Place a chicken breast half between 2 pieces of plastic wrap. Using the flat side of a meat mallet, pound meat lightly into a rectangle about 1/8 inch thick Remove plastic wrap.
2.
In a shallow dish combine the flour, cornmeal, and ground red pepper. Place egg in another shallow dish; add water and beat lightly to combine.
3.
For each roll, place a chile pepper half on a chicken piece near an edge. Place a cheese stick on the chile pepper near an edge. Sprinkle with some of the cilantro or parsley and black pepper. Fold in sides; roll up, starting from edge with cheese. Secure with wooden toothpicks.
4.
Dip rolls in egg mixture; coat with cornmeal mixture. Place rolls, seam sides down, in a shallow baking pan. Drizzle with butter.
5.
Bake, uncovered, in a 375 degree oven for 25 to 30 minutes or until chicken is no longer pink (170 degrees F). Remove toothpicks. Meanwhile, heat salsa; serve over chicken. If desired, garnish with additional cilantro.
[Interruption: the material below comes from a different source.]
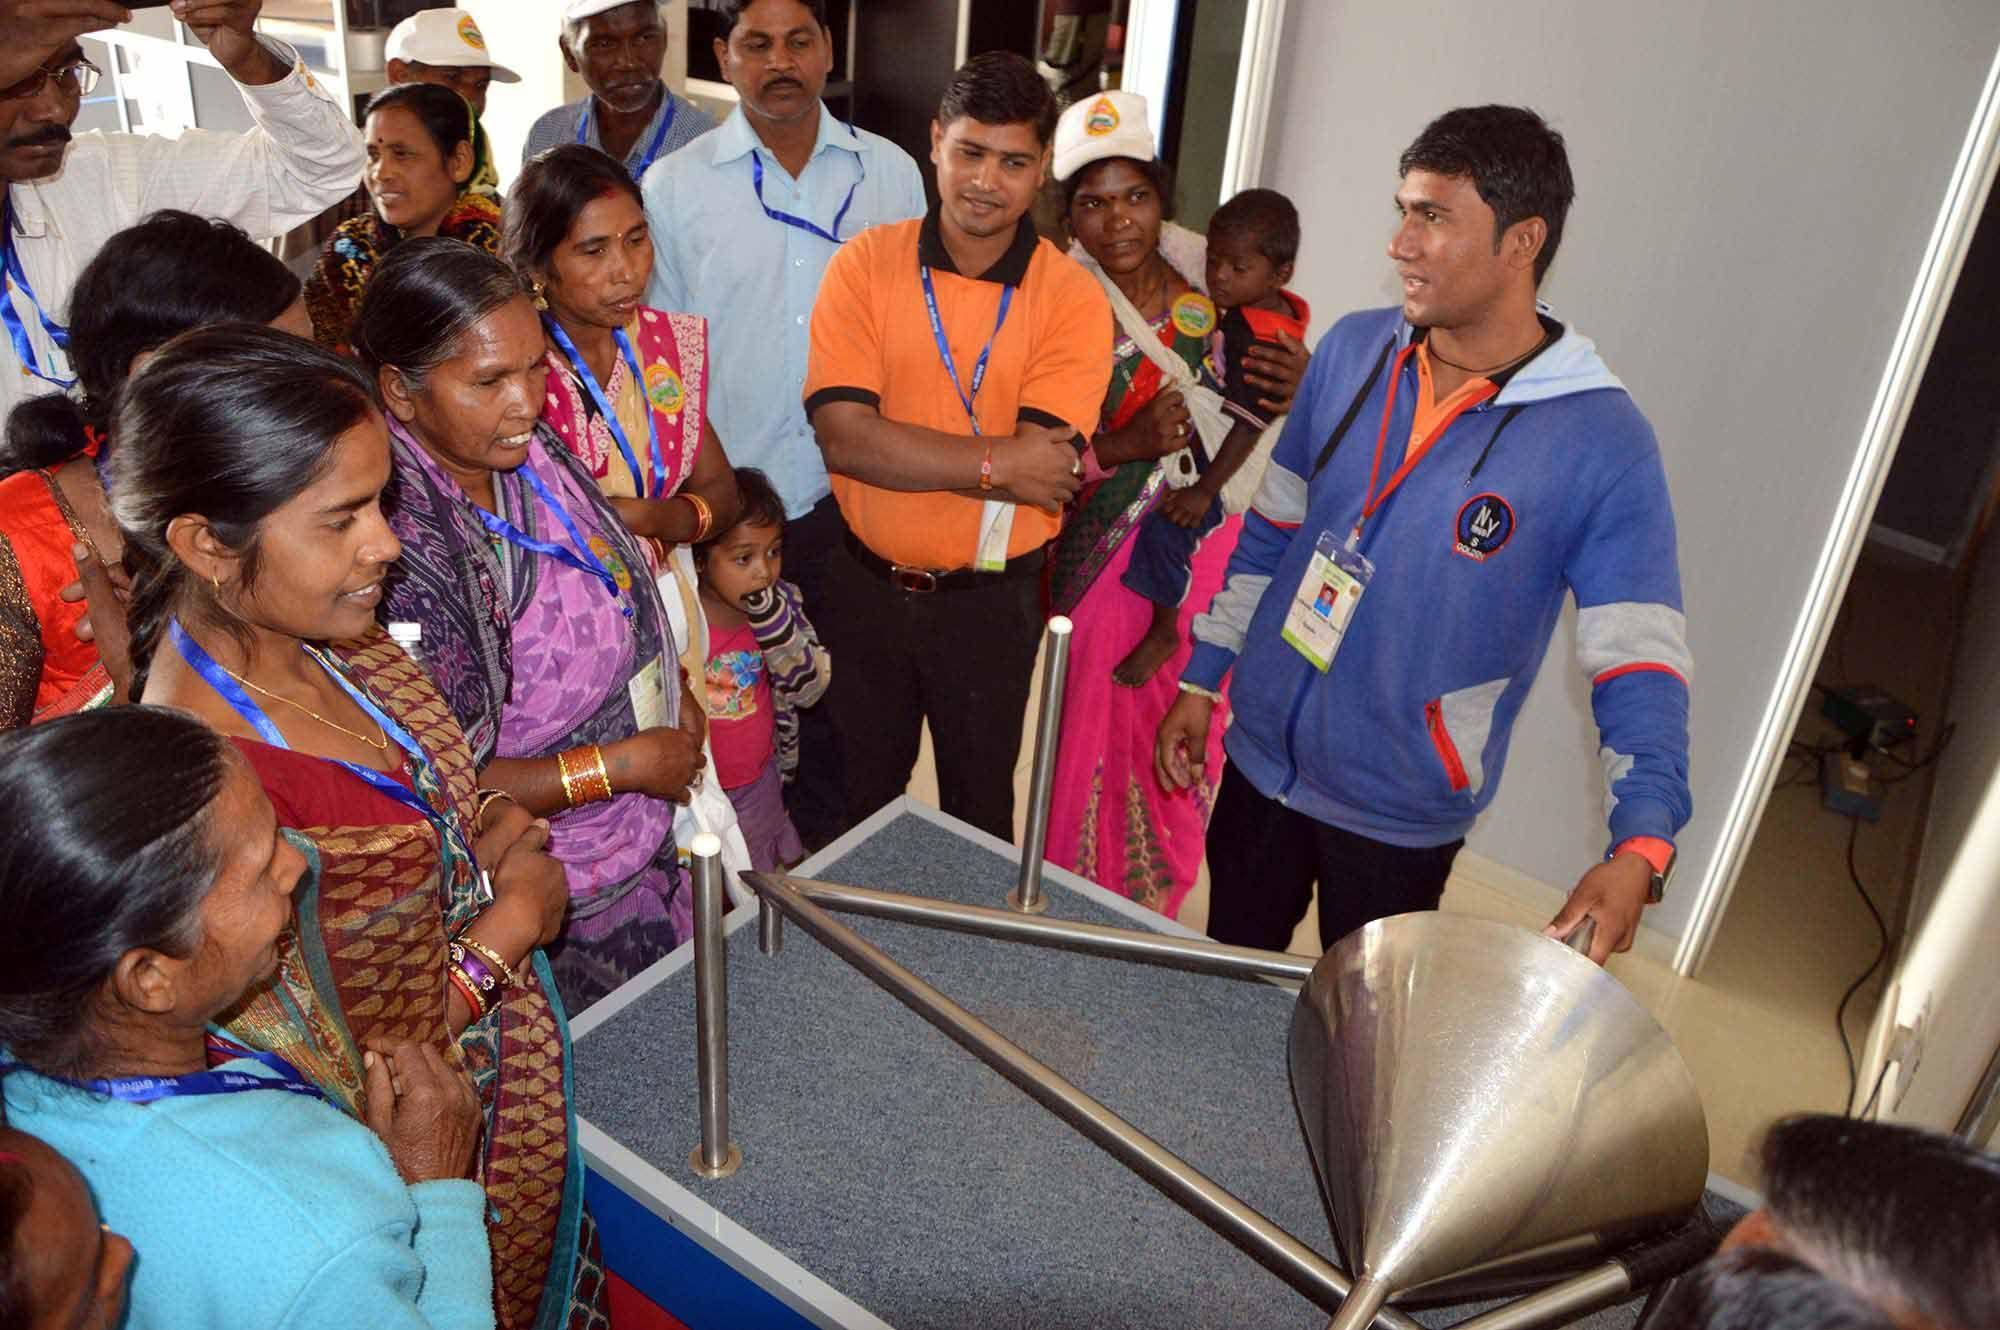 देश-विदेश के वैज्ञानिकों द्वारा किए गए विज्ञान प्रयोगों के बारे में जानने के लिए रायगढ़ जिले के पंचायत प्रतिनिधि पहुंचे छत्तीसगढ़ साइंस सेंटर. जहाँ उन्होंने हवा में उड़ती गेंद, जादुई पानी का नल, अनंत कुआं और मजाकिया दर्पण देख आनन्द लिया. छत्तीसढ़ के संसाधन तथा बस्तर के वाद्य यंत्रों की मधुर आवाज ने उन्हें बेहद लुभाया.

Makes: 6 servings
Nutrition information
Calories 260, Total Fat 10 g, Saturated Fat 5 g, Monounsaturated Fat 3 g, Polyunsaturated Fat 1 g, Cholesterol 120 mg, Sodium 381 mg, Carbohydrate 10 g, Total Sugar 0 g, Fiber 1 g, Protein 31 g. Daily Values: Vitamin A 0%, Vitamin C 22%, Calcium 13%, Iron 10%. Exchanges: Vegetable .5, Starch .5, Lean Meat 4.